The task `text2text-generation` was manually specified, and past key values will not be reused in the decoding. if needed, please pass `--task text2text-generation-with-past` to export using the past key values.
Using the export variant default. Available variants are:
	- default: The default ONNX variant.
Using framework PyTorch: 2.1.0
Overriding 1 configuration item(s)
	- use_cache -> False
  if attn_weights.size() != (bsz * self.num_heads, tgt_len, src_len):
  if attention_mask.size() != (bsz, 1, tgt_len, src_len):
  if attn_output.size() != (bsz * self.num_heads, tgt_len, self.head_dim):
Using frame

Then load onnx model and its tokenizer to make some tests.

In [6]:
tokenizer = AutoTokenizer.from_pretrained("./model/pegasus/")
model = ORTModelForSeq2SeqLM.from_pretrained("./model/pegasus/", use_cache=False)
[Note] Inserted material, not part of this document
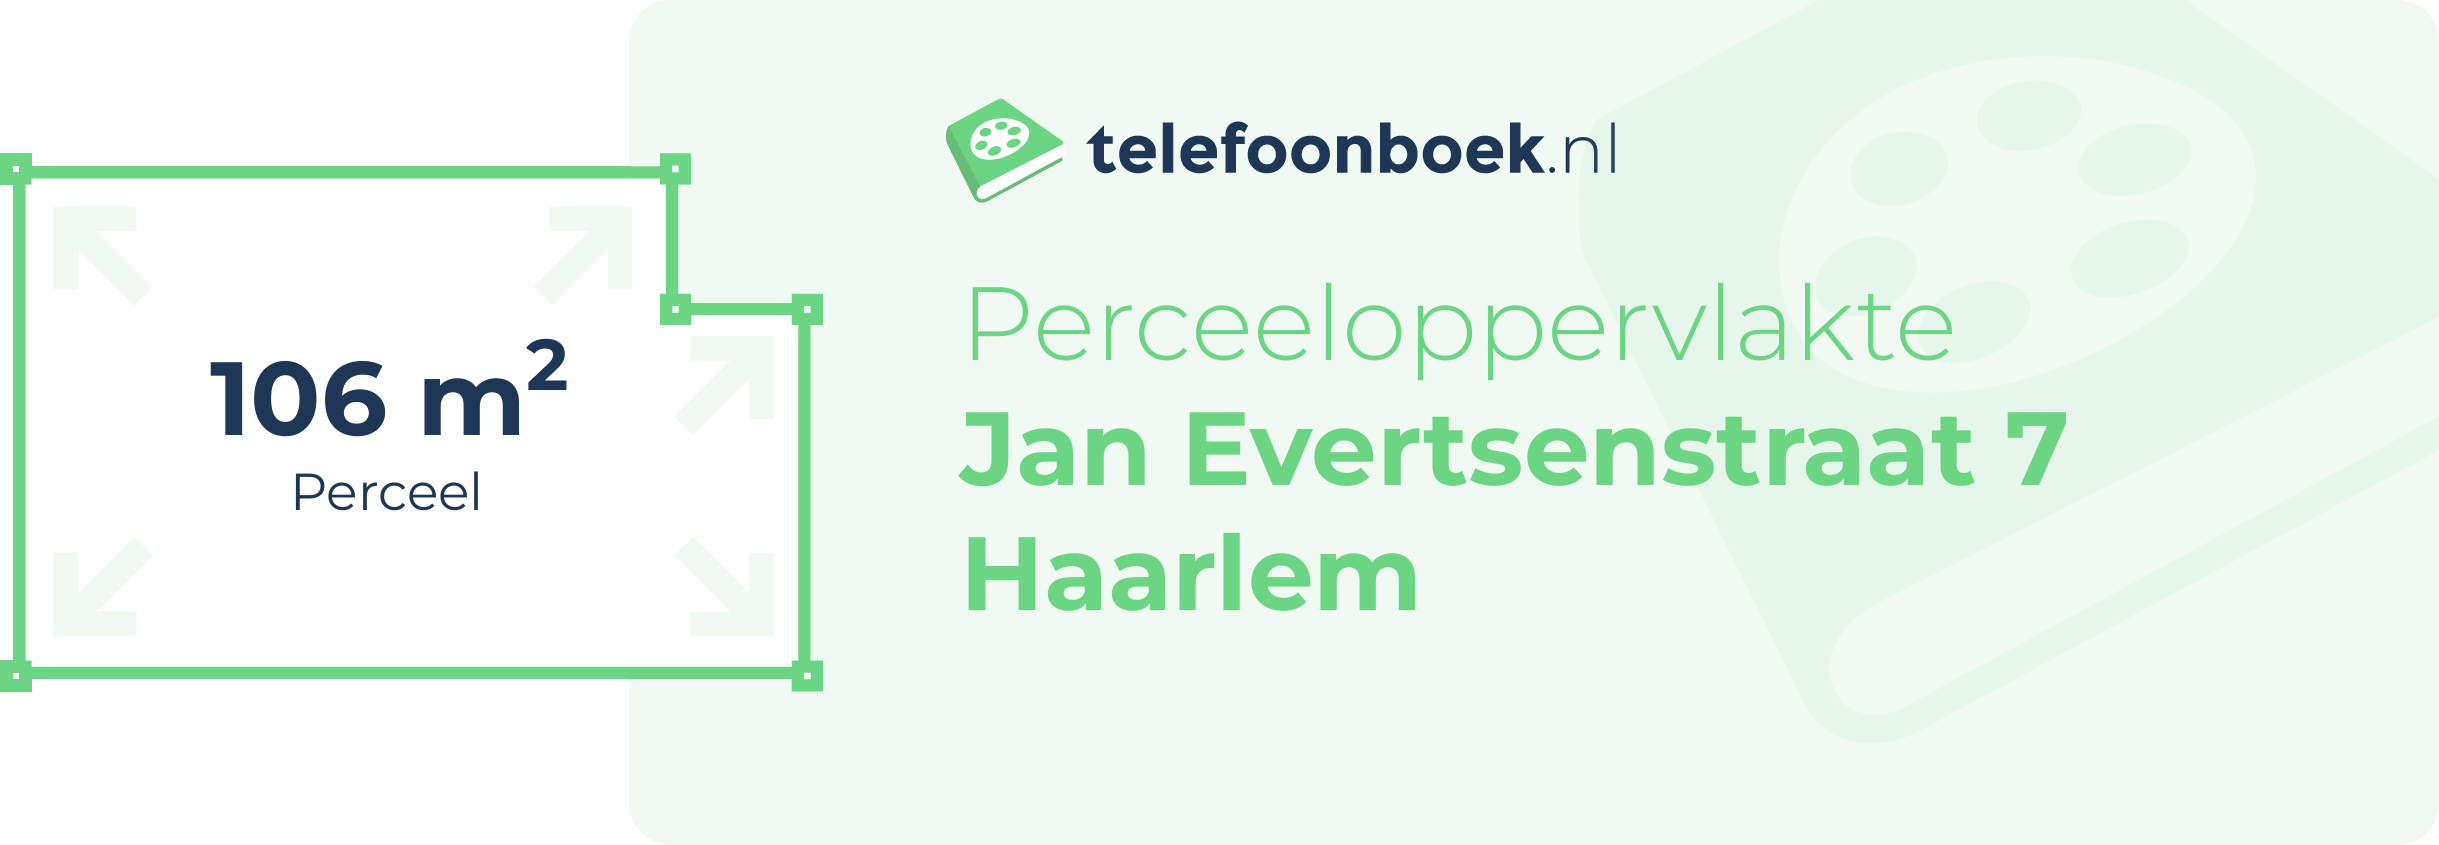 Perceeloppervlakte Jan Evertsenstraat 7 Haarlem

## Forward propagation test

Firstly we measure how much time is needed for forward propagation for ONNX pegasus model with max-size input.

In [7]:
model_time_evaluation(model, tokenizer, dataset['validation'])

148.8189069

As we see above, it takes 160 seconds for ONNX model to run 103 inputs.

## Pipeline tests

Now we build the summarization pipeline to test how much time it take to generate a summary for the given text:

In [8]:
pipe = pipeline('summarization', model=model, tokenizer=tokenizer)

In [9]:
len(tokenizer.encode(dataset['validation']['dialogue'][0]))

244

In [10]:
start_time = time.perf_counter()
print(pipe(dataset['validation']['dialogue'][0]))
end_time = time.perf_counter()
end_time - start_time

[{'summary_text': 'The following is a transcript of a phone call between Tom and his son, Lemmy.'}]


15.870781799999804

In [11]:
len(tokenizer.encode(dataset['validation']['dialogue'][1]))

154

In [12]:
start_time = time.perf_counter()
print(pipe(dataset['validation']['dialogue'][1]))
end_time = time.perf_counter()
end_time - start_time

[{'summary_text': 'A conversation between a waiter and a customer in a restaurant.'}]


6.953937300000234

In conclusion we can see ONNX model has good performance on given texts. It took 15.8 seconds for the first text and 7 for the second.

# ONNX with quantization

Now we quantize our models with `quantize_dynamic`. Also, it should be mentioned that we copy [`config.json`, `generation_config.json`, `special_tokens_map.json`, `spiece.model`, `tokenizer.json`, `tokenizer_config.json`] from `./model/pegasus/` to `./model/q_pegasus/`, because we change only models (encoder, decoder), but we don't use all other utilities.

In [13]:
from onnxruntime.quantization import quantize_dynamic

quantize_dynamic("./model/pegasus/decoder_model.onnx", "./model/q_pegasus/decoder_model.onnx")
quantize_dynamic("./model/pegasus/encoder_model.onnx", "./model/q_pegasus/encoder_model.onnx")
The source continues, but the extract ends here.